消毒水的味道,混合着铁锈和廉价香薰,是十年前他躺在ICU里的味道。与此同时,他的视网膜上正投射出明天下午三点,窗外那棵银杏树将有一片叶子飘落的轨迹。耳边,那个颜的声音在念叨:“当我沉默着的时候,我觉得充实;我将开口,同时感到空虚。”
三重时空的感官信息像三辆失控的卡车,在他颅骨里轰然对撞。
他猛地闭上眼,指尖深深掐进掌心。疼痛是唯一的锚点,但这次它失效了。冷汗浸透了后背的T恤,他感觉自己正在被撕成碎片,散落在不同的时空里。
够了。
他睁开眼,视线落在桌角的纸袋上。稻香村的logo,红底金字,像一张嘲讽的笑脸。他买下它,就像一个死刑犯为自己准备了最后一餐。他计划好了,就在下一次感官风暴来袭,当他彻底分不清自己身在何年何月时,就吞下整瓶的安眠药,用这些甜腻的点心,作为告别这个混乱世界的祭品。
他拿起一块牛舌饼,坚硬的边缘硌着他的手指。很好,这种真实的感觉。
他刚要咬下去,门铃响了。
很不合时宜。严皱眉,他几乎不与人来往。门外站着一个高大的男人,穿着深灰色连帽衫,帽檐压得很低,看不清脸。
“修电脑的,”男人的声音低沉,像大提琴的G弦,“楼下王阿姨说你家网络好像有问题。”
严没请他进来,只是站在门缝里,声音沙哑:“我没报修。”
“我路过,信号检测到你这里有异常数据包泄露,”男人递上一张名片,很简单,就印着“错误修复,程”和一个电话号码,“可能是路由器被劫持了,会泄露隐私。”
严看着那张名片,上面的字迹在他眼里开始扭曲、变形,变成了民国时期的繁体,颜的呻吟又在他耳边萦绕。他一阵眩晕,扶着门框。
程注意到了他的不对劲。他看不见严苍白的脸,但他能听到他急促而不稳的呼吸,能感觉到他扶门时手指的颤抖。这是一种他熟悉的、濒临崩溃的信号。
“你还好吗?”程向前一步,身体很自然地挡住了门,防止严因为眩晕而摔倒。
这个动作带着一种不容置疑的掌控力,让严本能地感到抗拒。他冷冷地说:“我很好,不需要你的服务。”

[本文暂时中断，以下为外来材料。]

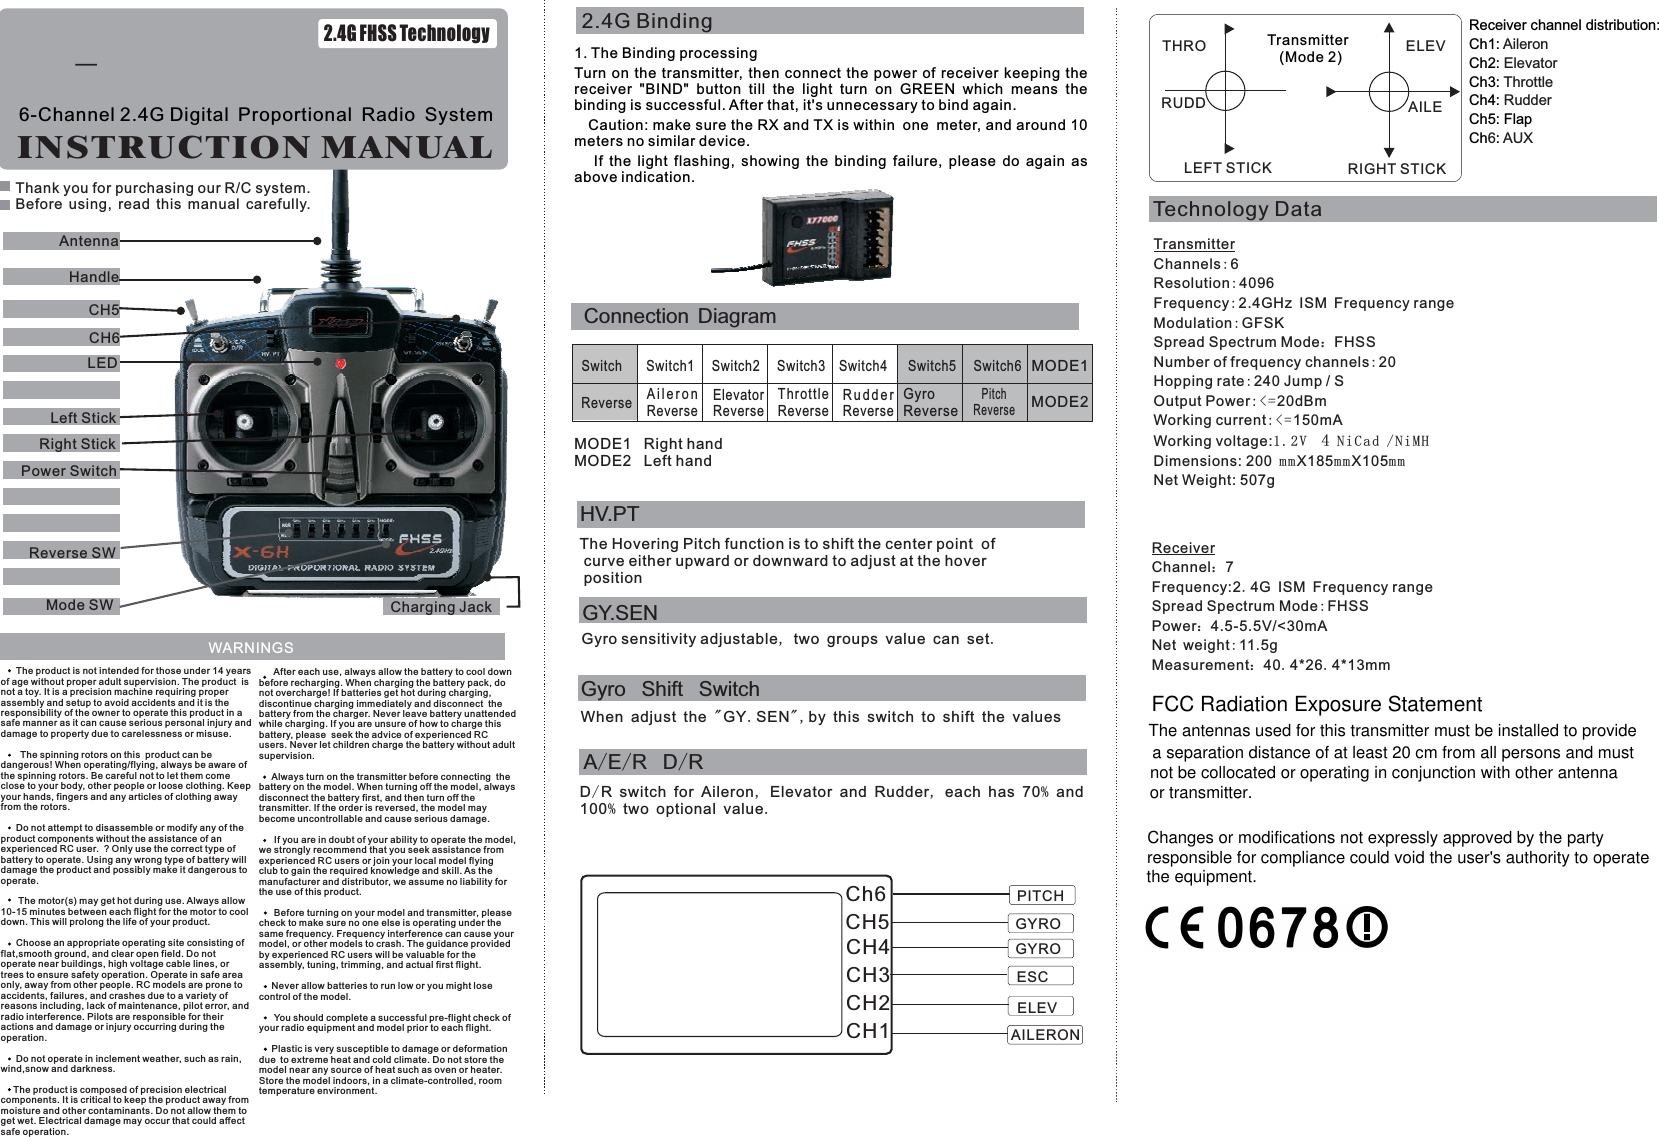 INSTRUCTION MANUAL2.4G Binding6-Channel 2.4G Digital Proportional Radio SystemPower SwitchLeft Stick2.4G FHSS TechnologyRight StickReverse SWThank you for purchasing our R/C system.Before using, read this manual carefully.Charging JackReceiver channel distribution:Ch1:Ch2:Ch3:Ch4:Ch5: FlapCh :AileronElevatorThrottleRudder6 AUXRIGHT STICKLEFT STICKTransmitter(Mode 2)THROCH4CH3CH2CH1XY4000AILERONAILETransmitterChannels 6Resolution 4096Frequency 2.4GHz ISM Frequency rangeModulation GFSKSpread Spectrum Mode FHSSNumber of frequency channels 20Hopping rate 240 Jump / SOutput Power 20dBmWorking current 150mAWorking voltage:Dimensions: 200 X185 X105Net Weight: 507g::::：:::&lt;=:&lt;=1.2V NiCad /NiMHmm mm mm4Technology DataReceiverChannel 7Frequency:2 4G ISM Frequency rangeSpread Spectrum Mode FHSSPower 4.5-5.5V/&lt;30mANet weight 11.5gMeasurement 40 4*26 4*13mm：.:：:：. .ELEVRUDDELEVGYROSwitch       Switch1     Switch2     Switch3    Switch4      Switch5     Switch6Reverse AileronReverseElevatorReverseThrottleReverseRudderReverseConnection DiagramAntennaLEDMode SWPitchReverse1. The Binding processingTurn on the transmitter, then connect the power of receiver keeping thereceiver &quot;BIND&quot; button till the light turn on GREEN which means thebinding is successful. After that, it&apos;s unnecessary to bind again.Caution: make sure the RX and TX is within one meter, and around 10meters no similar device.If the light flashing, showing the binding failure, please do again asabove indication.CH5CH6Ch6CH5 GYROPITCHWARNINGSThe product is not intended for those under 14 yearsof age without proper adult supervision. The product  isnot a toy. It is a precision machine requiring properassembly and setup to avoid accidents and it is theresponsibility of the owner to operate this product in asafe manner as it can cause serious personal injury anddamage to property due to carelessness or misuse.The spinning rotors on this  product can bedangerous! When operating/flying, always be aware ofthe spinning rotors. Be careful not to let them comeclose to your body, other people or loose clothing. Keepyour hands, fingers and any articles of clothing awayfrom the rotors.Do not attempt to disassemble or modify any of theproduct components without the assistance of anexperienced RC user.  ? Only use the correct type ofbattery to operate. Using any wrong type of battery willdamage the product and possibly make it dangerous tooperate.The motor(s) may get hot during use. Always allow10-15 minutes between each flight for the motor to cooldown. This will prolong the life of your product.Choose an appropriate operating site consisting offlat,smooth ground, and clear open field. Do notoperate near buildings, high voltage cable lines, ortrees to ensure safety operation. Operate in safe areaonly, away from other people. RC models are prone toaccidents, failures, and crashes due to a variety ofreasons including, lack of maintenance, pilot error, andradio interference. Pilots are responsible for theiractions and damage or injury occurring during theoperation.Do not operate in inclement weather, such as rain,wind,snow and darkness.The product is composed of precision electricalcomponents. It is critical to keep the product away frommoisture and other contaminants. Do not allow them toget wet. Electrical damage may occur that could affectsafe operation.After each use, always allow the battery to cool downbefore recharging. When charging the battery pack, donot overcharge! If batteries get hot during charging,discontinue charging immediately and disconnect  thebattery from the charger. Never leave battery unattendedwhile charging. If you are unsure of how to charge thisbattery, please  seek the advice of experienced RCusers. Never let children charge the battery without adultsupervision.Always turn on the transmitter before connecting  thebattery on the model. When turning off the model, alwaysdisconnect the battery first, and then turn off thetransmitter. If the order is reversed, the model maybecome uncontrollable and cause serious damage.If you are in doubt of your ability to operate the model,we strongly recommend that you seek assistance fromexperienced RC users or join your local model flyingclub to gain the required knowledge and skill. As themanufacturer and distributor, we assume no liability forthe use of this product.Before turning on your model and transmitter, pleasecheck to make sure no one else is operating under thesame frequency. Frequency interference can cause yourmodel, or other models to crash. The guidance providedby experienced RC users will be valuable for theassembly, tuning, trimming, and actual first flight.Never allow batteries to run low or you might losecontrol of the model.You should complete a successful pre-flight check ofyour radio equipment and model prior to each flight.Plastic is very susceptible to damage or deformationdue to extreme heat and cold climate. Do not store themodel near any source of heat such as oven or heater.Store the model indoors, in a climate-controlled, roomtemperature environment.-GyroReverseHV.PTThe Hovering Pitch function is to shift the center point  ofcurve either upward or downward to adjust at the hoverpositionGY.SENGyro sensitivity adjustable two groups value can set,.Gyro Shift SwitchWhen adjust the GY SEN by this switch to shift the values&quot;. &quot;,AER DR// /D R switch for Aileron Elevator and Rudder each has 70 and100 two optional value/, ,%%.MODE1MODE2MODE1   Right handMODE2   Left handESCHandleFCC Radiation Exposure StatementThe antennas used for this transmitter must be installed to provide a separation distance of at least 20 cm from all persons and must not be collocated or operating in conjunction with other antenna or transmitter.Changes or modifications not expressly approved by the party responsible for compliance could void the user&apos;s authority to operate the equipment.

“你的身体数据反馈说,你不好。”程的语气是在陈述事实,“心率过速,体温偏低,呼吸紊乱。你需要帮助。”
严愣住了。这个男人……是在用分析代码的方式分析他?
令人害怕。
“你是谁?”严警惕地问。
“一个修理工。”程说,“专修各种疑难杂症。”
……
程最终还是进了门。
不是靠说服,而是靠行动。当严因为又一次时空错乱而撞到茶几,打翻了那盒稻香村时,程像一道影子一样闪进来,稳稳扶住了他。
“你的时间感,是乱的。”程看着满地滚落的点心,没有去捡,而是盯着严。他看不见脸,但他能“读”出这个人的混乱。混乱和他自己世界里无法识别的人脸一样,是一种根本性的、系统级的错误。
“关你什么事。”严挣开他,蹲下身,机械地捡拾着沾了灰尘的萨其马。他觉得自己像个被看穿的笑话。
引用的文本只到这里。